Hello Hao Ren,
Doesn't the code...
val add = udf {
(a: Int) => a + notSer.value
}
Mean UDF function that Int => Int ?
Thanks,
Muthu
On Sun, Aug 7, 2016 at 2:31 PM, Hao Ren <[email protected]> wrote:
> I am playing with spark 2.0
> What I tried to test is:
>
> Create a UDF in which there is a non serializable object.
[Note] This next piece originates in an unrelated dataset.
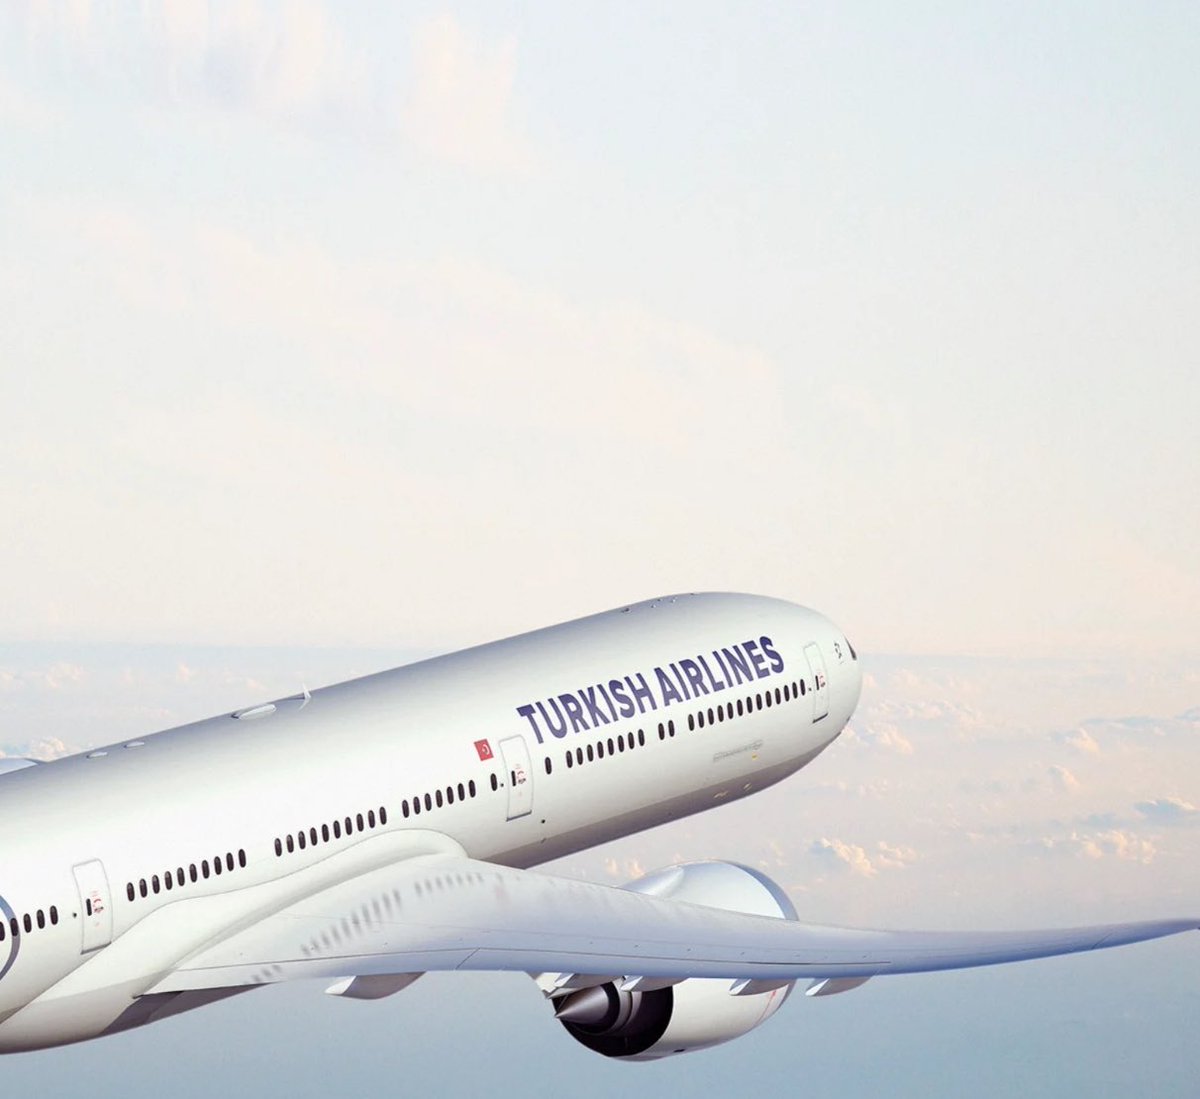 Türk Hava Yolları’nın sipariş etmeyi planladığı modeller arasında Boeing 777X de yer alıyor. 

Boeing 777-9, THY filosunda bulunan B787 uçaklarından 114, B777-300ER uçaklarından 65 daha fazla koltuk sunuyor. Sipariş tarihi ise giderek yaklaşıyor

> What I expected is when this UDF is called during materializing the
> dataFrame where the UDF is used in "select", an task non serializable
> exception should be thrown.
> It depends also which "action" is called on that dataframe.
>
> Here is the code for reproducing the pb:
>
> ============
> object DataFrameSerDeTest extends App {
>
> class A(val value: Int) // It is not serializable
>
> def run() = {
> val spark = SparkSession
> .builder()
> .appName("DataFrameSerDeTest")
> .master("local[*]")
> .getOrCreate()
>
> import org.apache.spark.sql.functions.udf
> import spark.sqlContext.implicits._
>
> val notSer = new A(2)
> val add = udf {
> (a: Int) => a + notSer.value
> }
> val df = spark.createDataFrame(Seq(
> (1, 2),
> (2, 2),
> (3, 2),
> (4, 2)
> )).toDF("key", "value")
> .select($"key", add($"value").as("added"))
>
> df.show() // *It should not work because the udf contains a
> non-serializable object, but it works*
>
> df.filter($"key" === 2).show() // *It does not work as expected
> (org.apache.spark.SparkException: Task not serializable)*
> }
>
> run()
> }
> ============
>
> Also, I tried collect(), count(), first(), limit(). All of them worked
> without non-serializable exceptions.
> It seems only filter() throws the exception. (feature or bug ?)
>
> Any ideas ? Or I just messed things up ?
> Any help is highly appreciated.
>
> --
> Hao Ren
>
> Data Engineer @ leboncoin
>
> Paris, France
>